**** DATA TO PROCESS ****

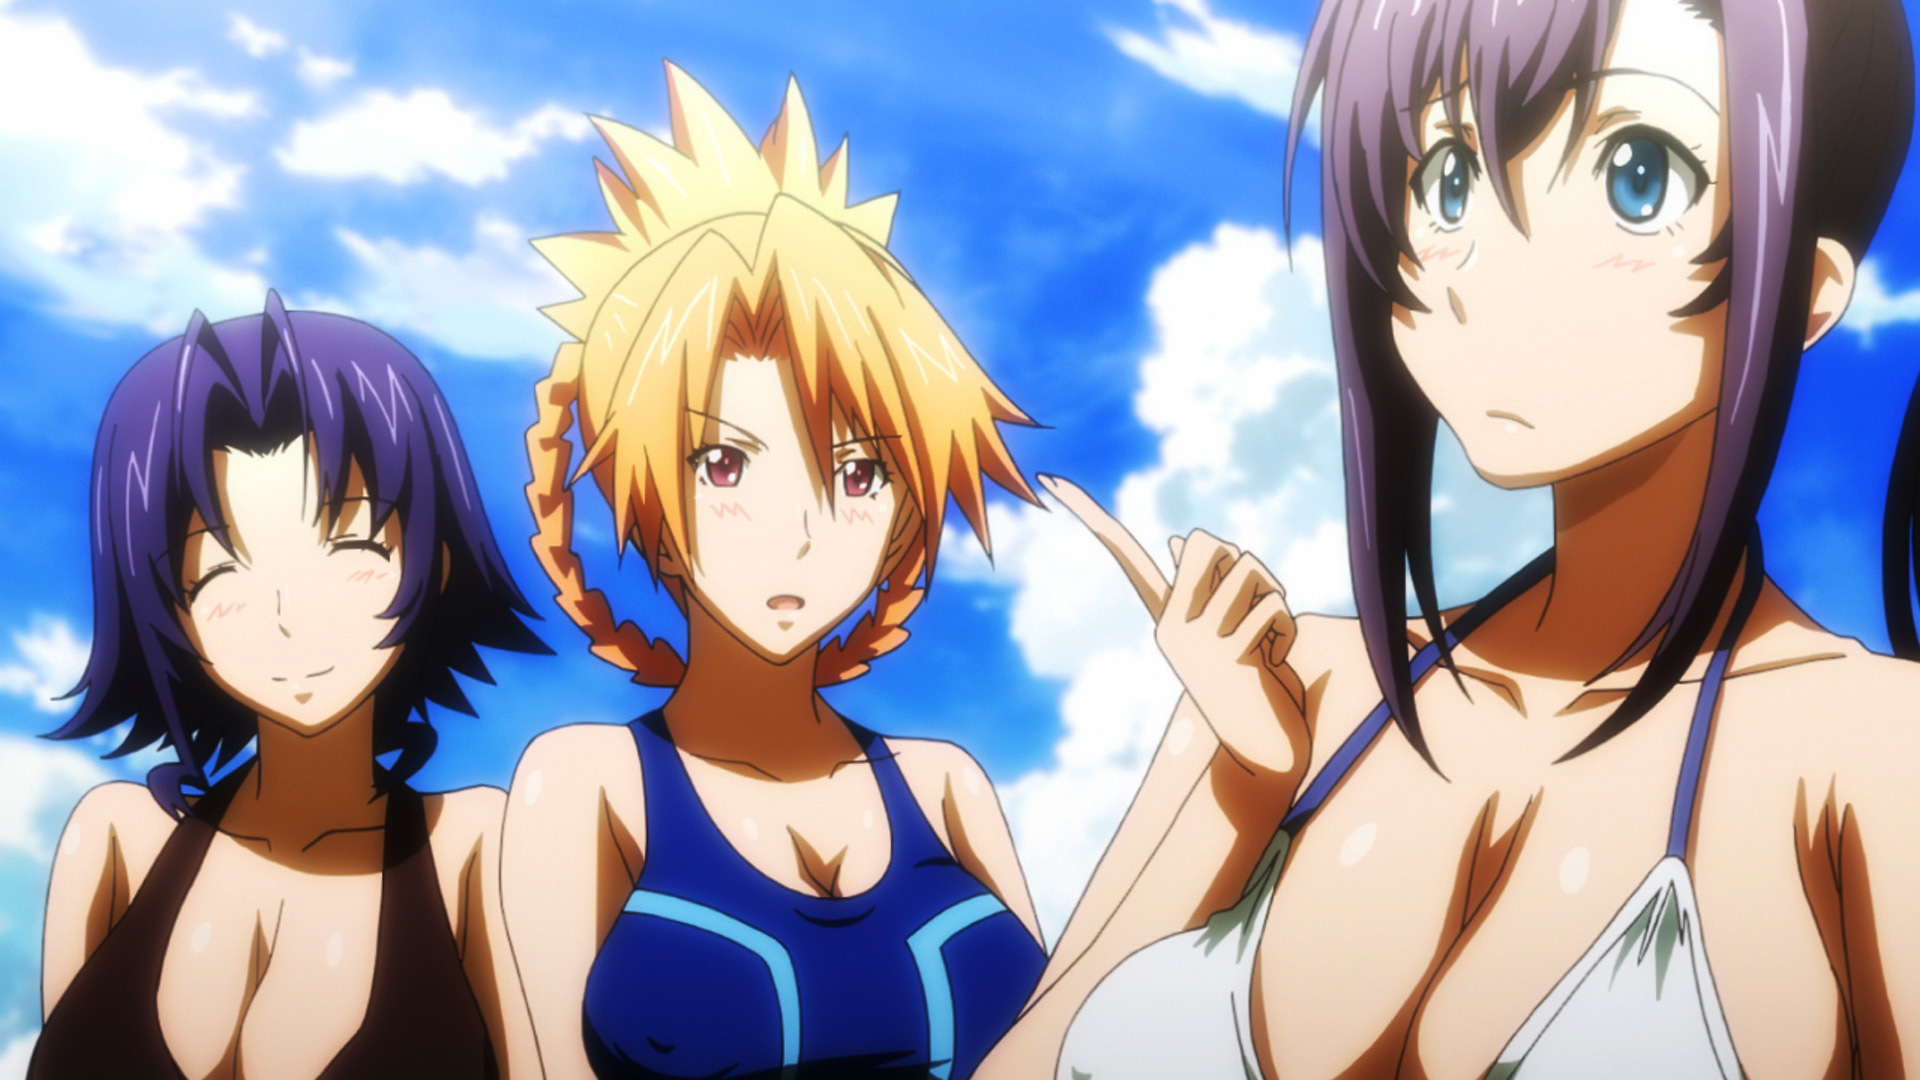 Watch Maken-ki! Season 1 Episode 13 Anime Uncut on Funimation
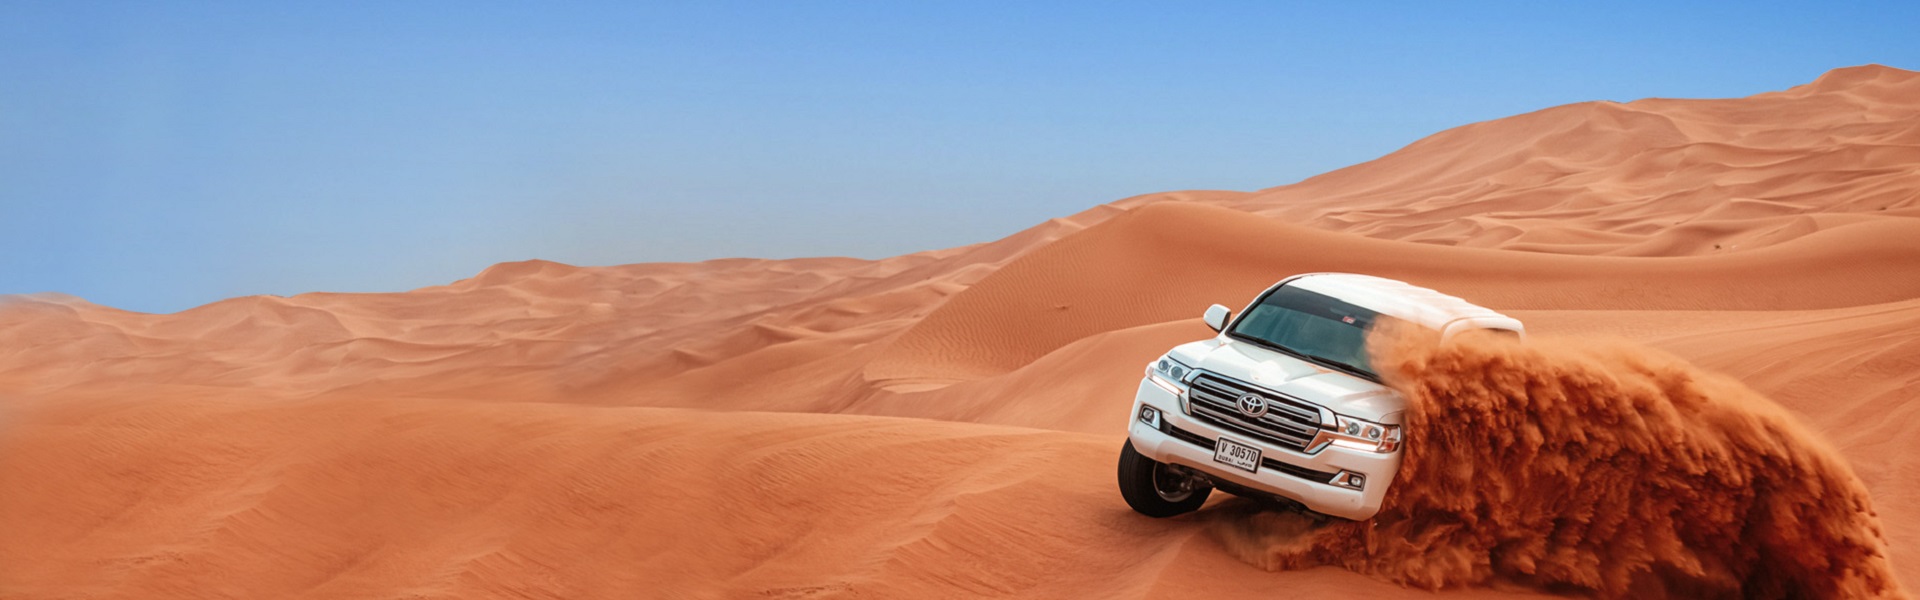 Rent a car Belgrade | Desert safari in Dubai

****
**** DATA TO PROCESS ****

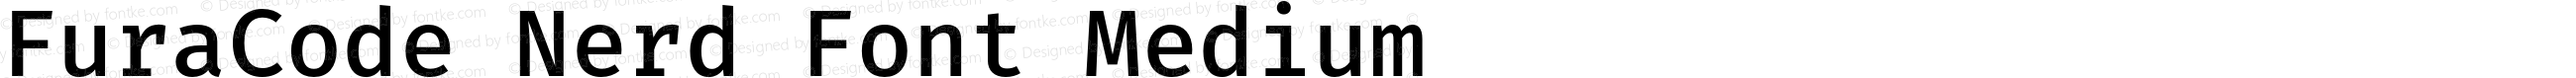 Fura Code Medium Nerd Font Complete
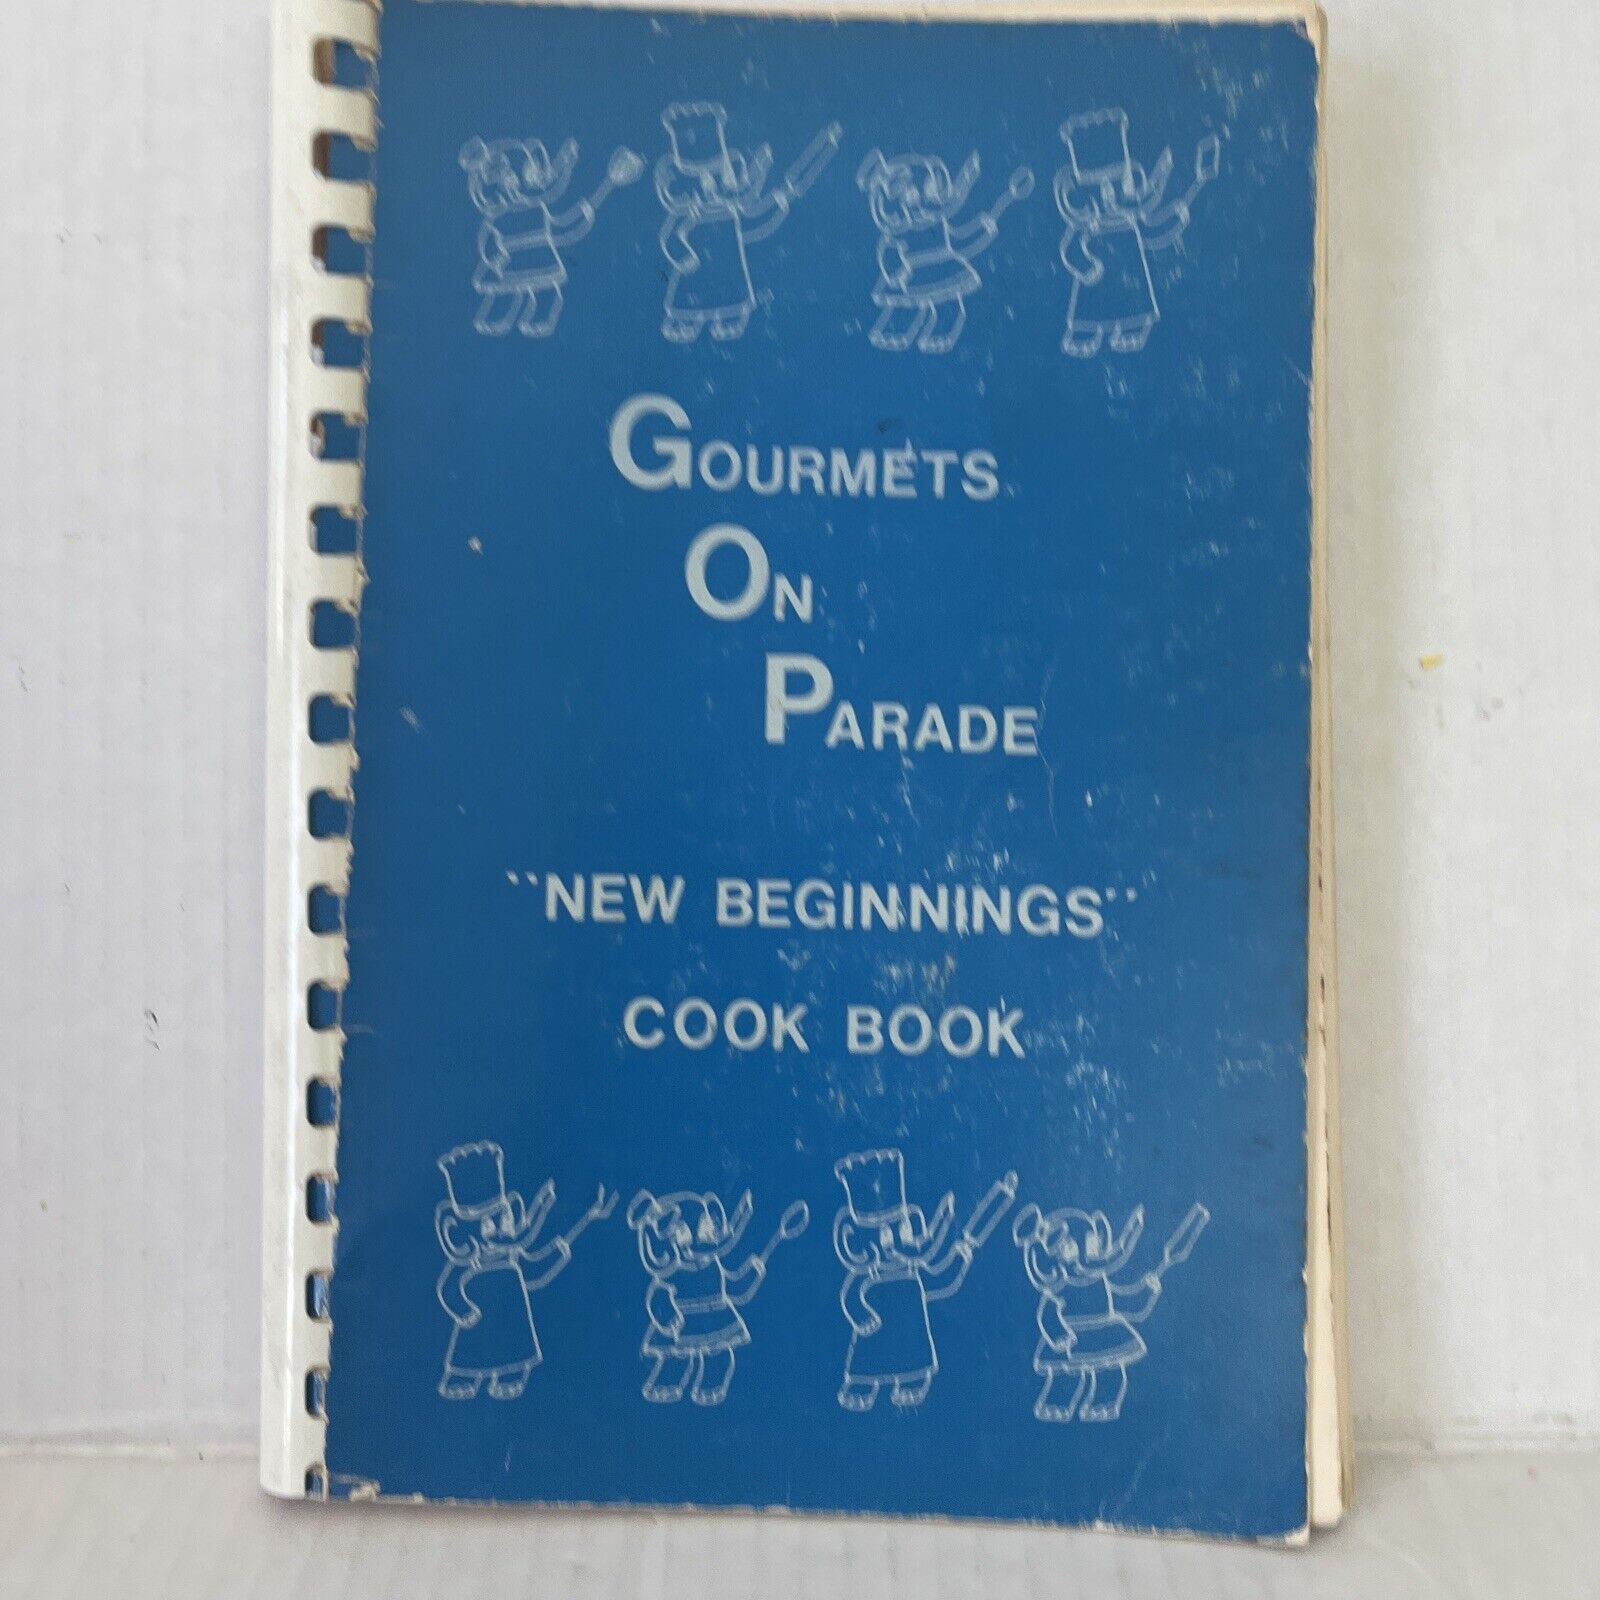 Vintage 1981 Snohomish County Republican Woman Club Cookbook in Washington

****

◆ **WHAT THE EXERCISE ASKS**
In the entries above, find the line containing "Fura Code Medium Nerd Font Complete" and the line containing "Vintage 1981 Snohomish"; give again exactly those two lines and every line between them, minus the pictures.

◆ **RESULT**
 Fura Code Medium Nerd Font Complete
 Vintage 1981 Snohomish County Republican Woman Club Cookbook in Washington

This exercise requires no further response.